Observe that I in note 007 discuss this also relative to asynchronous «send and forget» message based systems. (New: Also in note WYSIWYG semantics.)
«This pattern can be made to work robustly in Java» (Lee)
Lee shows how easy it is to make erroneous multithreaded code in Java. The observer pattern for one thread, and then the obvious thread safe version is shown. Only, the «thread safe» is only an attempt at it, as Lee shows. There is a potential deadlock lurking.

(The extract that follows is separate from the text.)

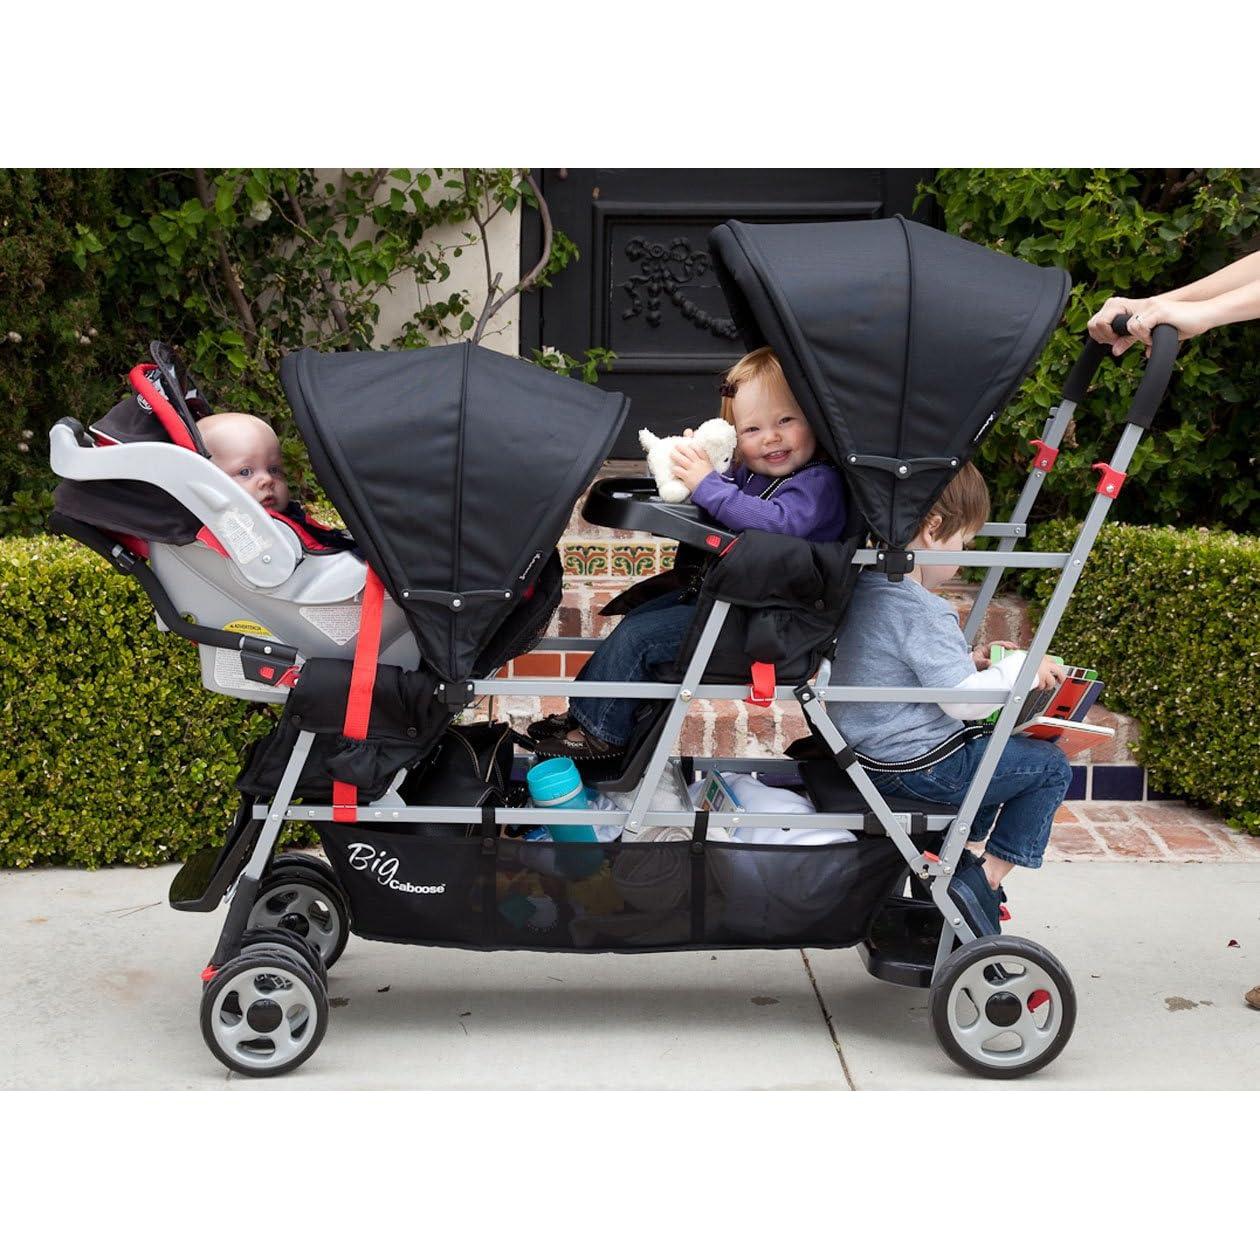 Stroller for 1-year old twins plus newborn? - BabyCenter

A couple of memories spring to my mind.
First, before the WoTUG-19 conference I thought that it might be a good idea to present the commstime program (a very simple but effective benchmark program for concurrency) in the new Java language. I did, but concluded that the «Java 1.0’s PipedInput/OutputStream classes seem impractical to use because of an implementation error at Sun». I had my fingers burnt on trial one.
But here was a language with some built-in mechanisms for concurrency, so the community started building CSP libraries in Java. Commercial occam was dying, and so was the transputer. There was a void. So JCSP (Communicating Sequential Processes for Java) was developed by University of Kent at Canterbury. JCSP is being updated to have become a viable concurrency platform for Java; I note that last public release is from August 2010 (this is written in Dec. 2010). (New: See JCSP at 135:[JCSP – Communicating Sequential Processes for Java])
There were all these experts, learning all the intricacies of synchronized and Java’s monitor. By 1998 all seemed to work fine. Until a student some two years and who knows how many uses later found a simple case where it deadlocked. The result was that parts of JCSP was formally verified and then fixed. Read about this exiting adventure here («Formal Analysis of Concurrent Java Systems» by Peter H. Welch and Jeremy M.R. Martin). (New: read here). The error was subtle, but the fix was simple.
Second, about the same time, Per Brinch Hansen wrote a letter that floated around on the internet, later to have become seminal. It is very interesting reading, because what he’s basically saying is that the Java designer’s at Sun hadn’t done their homework. Here’s his ingress:
«The author examines the synchronization features of Java and finds that they are insecure variants of his earliest ideas in parallel programming published in 1972–73. The claim that Java supports monitors is shown to be false. The author concludes that Java ignores the last twenty-five years of research in parallel programming languages.»
(Hansen, Per Brinch, «Java’s insecure parallelism» in ACM SIGPLAN Notices, V.34(4) pp.38-45, April 1999. http://brinch-hansen.net/papers/1999b.pdf)
Per Brinch Hansen then goes on to describe exactly what’s wrong with Java. Observe that Brinch Hansen in 1993 invented the SuperPascal language, whose concurrency features are based on a subset of occam 2!-)
«Fixing threads by more aggressive pruning» (Lee)
Lee describes how they in the Ptolemy project («an ongoing project aimed at modelling, simulating, and designing concurrent, real-time, embedded systems») used several established software engineering processes like a new «code maturity rating system», design reviews, code reviews, nightly builds, regression tests, and automated code coverage metrics.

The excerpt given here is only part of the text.